I'm trying out a few methods for enrichment analysis for GWAS data. For this kind of analysis I need a list of pathways (or GO categories, gene families, etc), where I have a gene grouping followed by all the genes in that grouping, for example:
path1 gene1 gene2
path2 gene3 gene4 gene5 gene6
path3 gene7 gene8 gene9
I downloaded the entire hsa-pathway folder from the KEGG FTP site before it closed down, and I thought I had all this information in a file called hsa_gene_map.tab that looks like this:
2793 04062 04724 04725
2796 04912
2797 04912
2798 04080 04912
2799 00531 01100 04142
But it turns out this is the opposite of what I need - the first number is the Entrez gene ID, and the following fields on each line are KEGG pathway IDs, i.e.
gene1 path1 path2
gene2 path3 path4 path5 path6
gene3 path7 path8 path9
For KEGG, how can I get a list of pathways and all the genes in each of those pathways? I don't have a subscription to KEGG here so I can't use the FTP site any more. A list of files in a simple format as in the first example will be the most useful, since I have to read each of these lines into a list in R to do the analysis.
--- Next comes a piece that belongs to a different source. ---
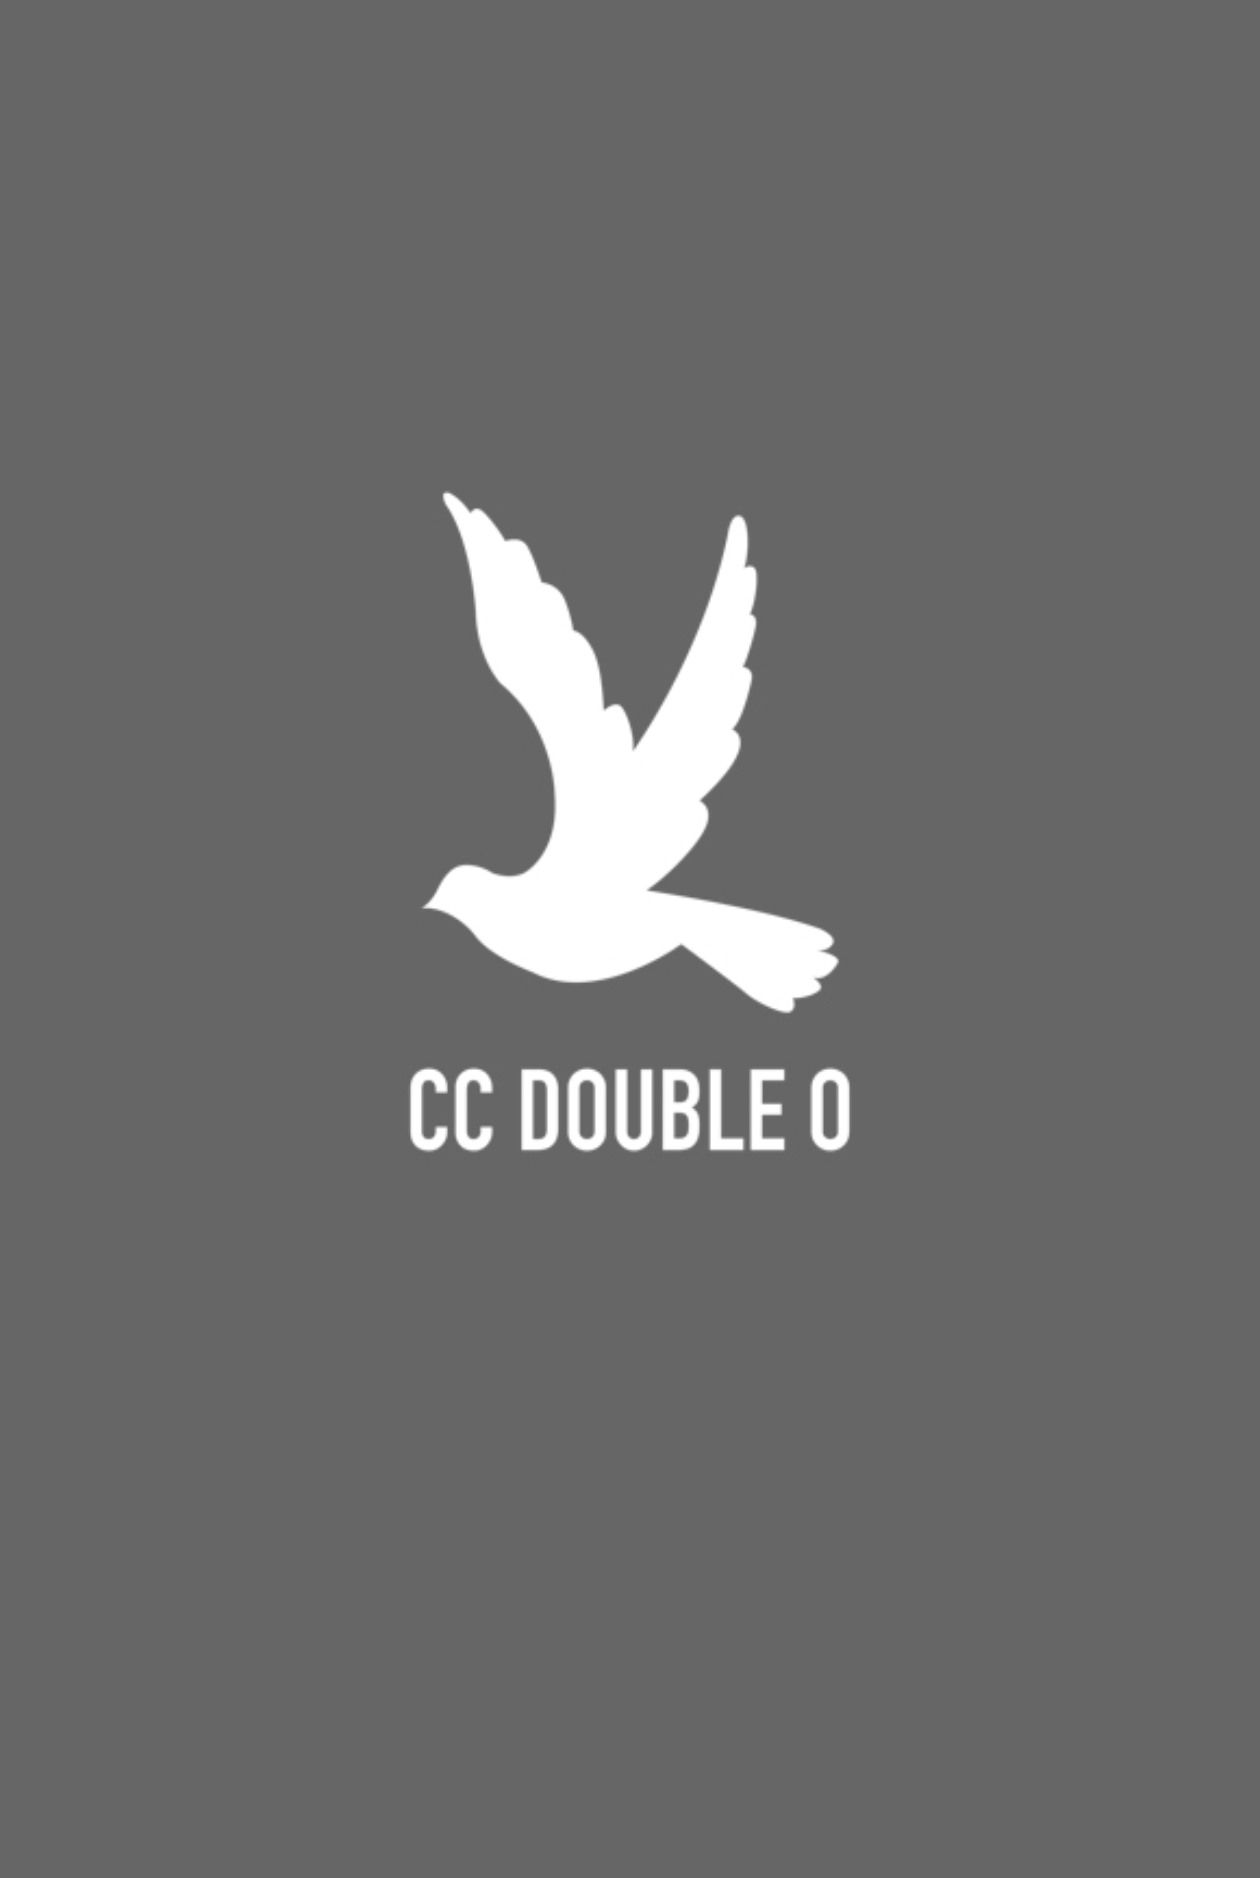 CC DOUBLE O Long-Sleeved Tee

Does it have to be KEGG? I think you should be able to get a list of genes by GO term from EnsEMBL! That is actually something I need to do in future analyses :-)
I would also like to do this for other gene groupings - e.g. gene ontology, reactome pathways, etc. The procedures described in the first link above use GO by default, but I'd like to start with KEGG first if possible.